▼
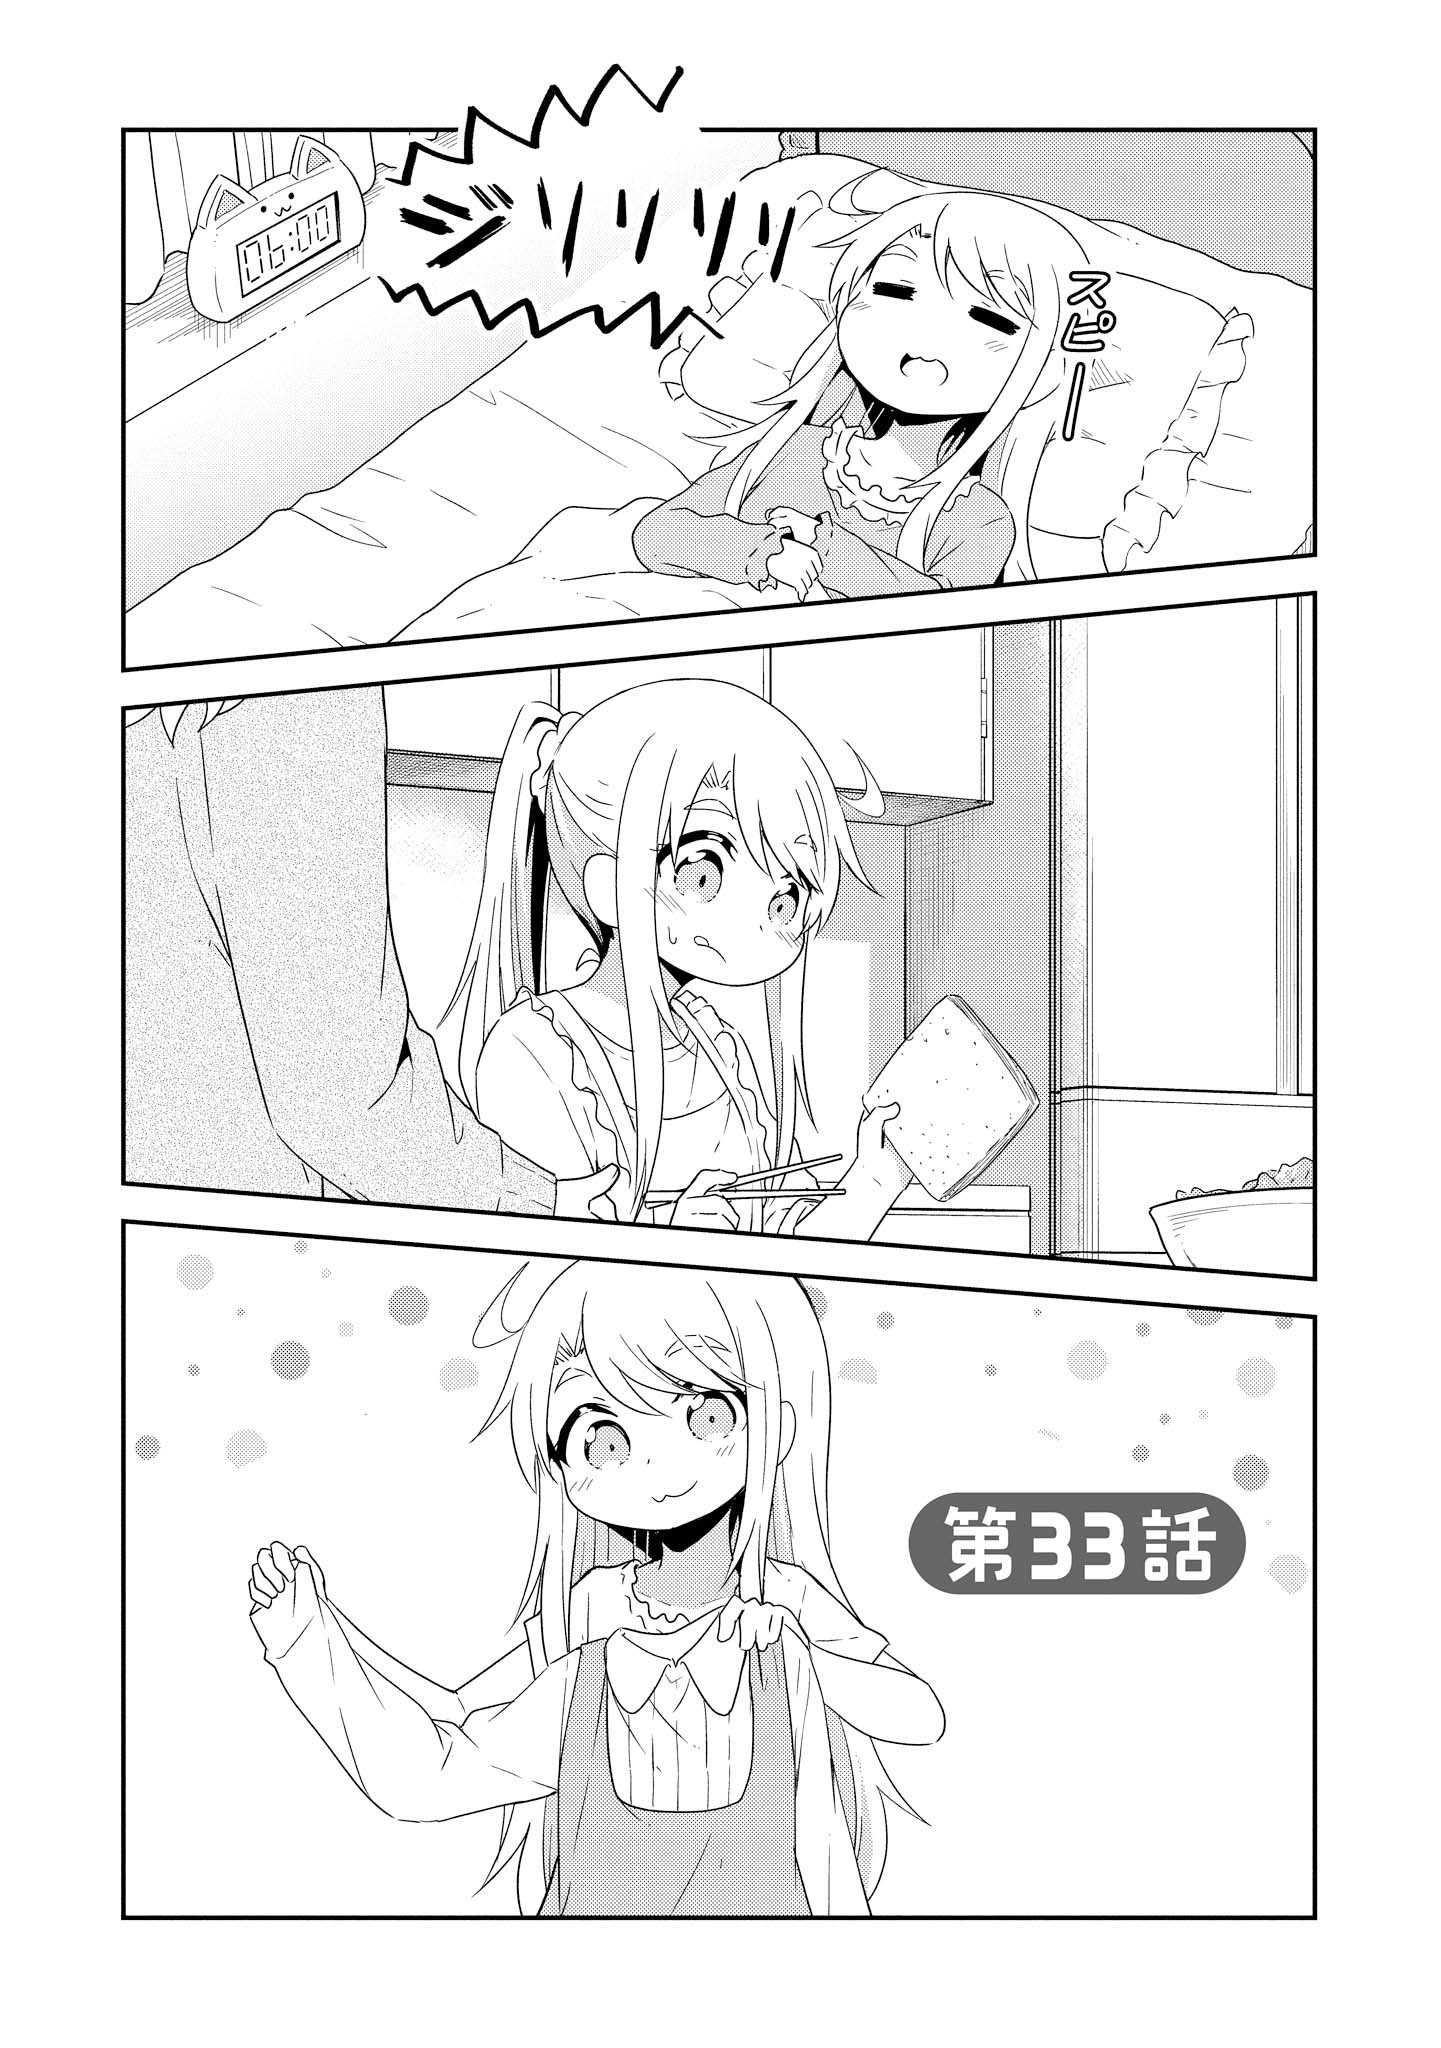 Wataten! An Angel Flew Down to Me 私に天使が舞い降りた！ 第33話 - Page 2
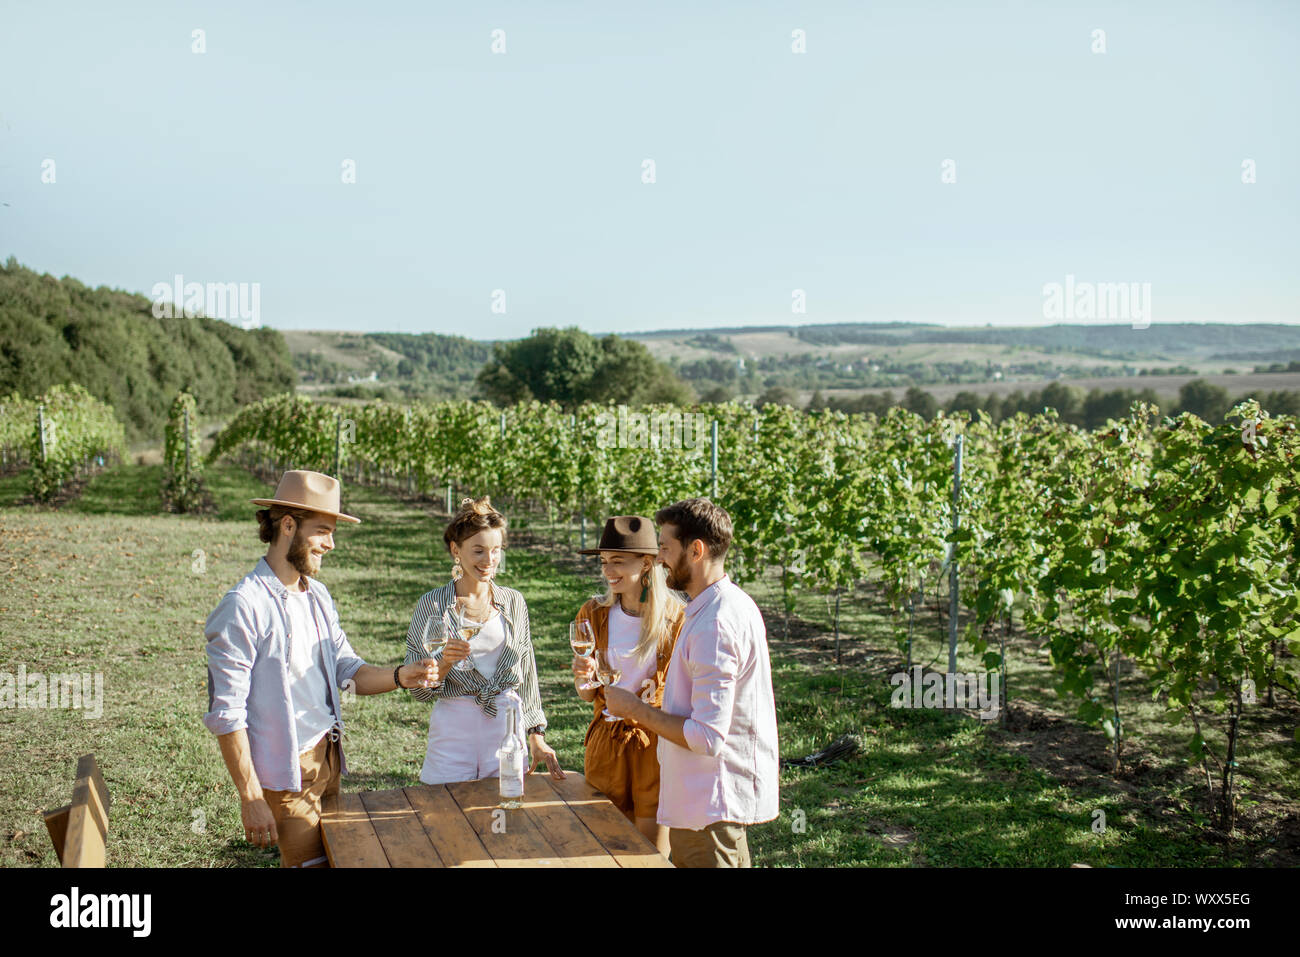 Group of young friends dressed casually tasting wine on the vineyard on a sunny summer morning, wide landscape view Stock Photo
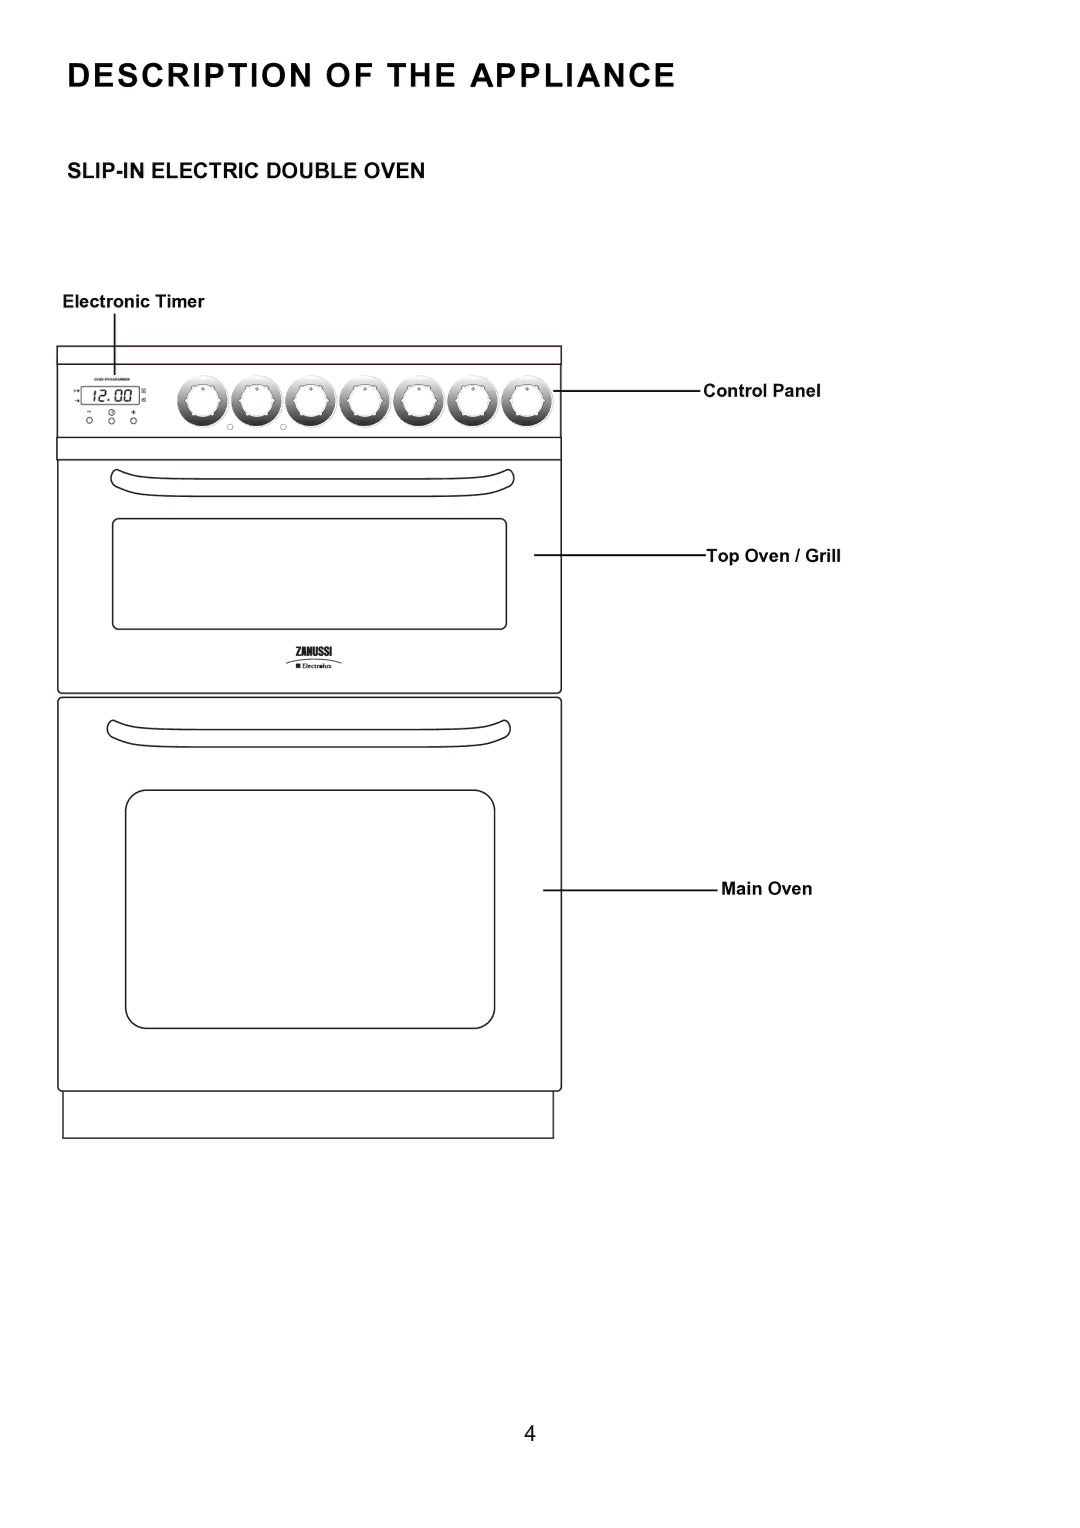 Zanussi ZCE 7550, ZCE 7551 manual Description of the Appliance, SLIP-IN Electric Double Oven, Electronic Timer
▲
- [Work to complete] Print the data once more without any change, skipping each picture.

- [Solved problem]
 Wataten! An Angel Flew Down to Me 私に天使が舞い降りた！ 第33話 - Page 2
 Group of young friends dressed casually tasting wine on the vineyard on a sunny summer morning, wide landscape view Stock Photo
 Zanussi ZCE 7550, ZCE 7551 manual Description of the Appliance, SLIP-IN Electric Double Oven, Electronic Timer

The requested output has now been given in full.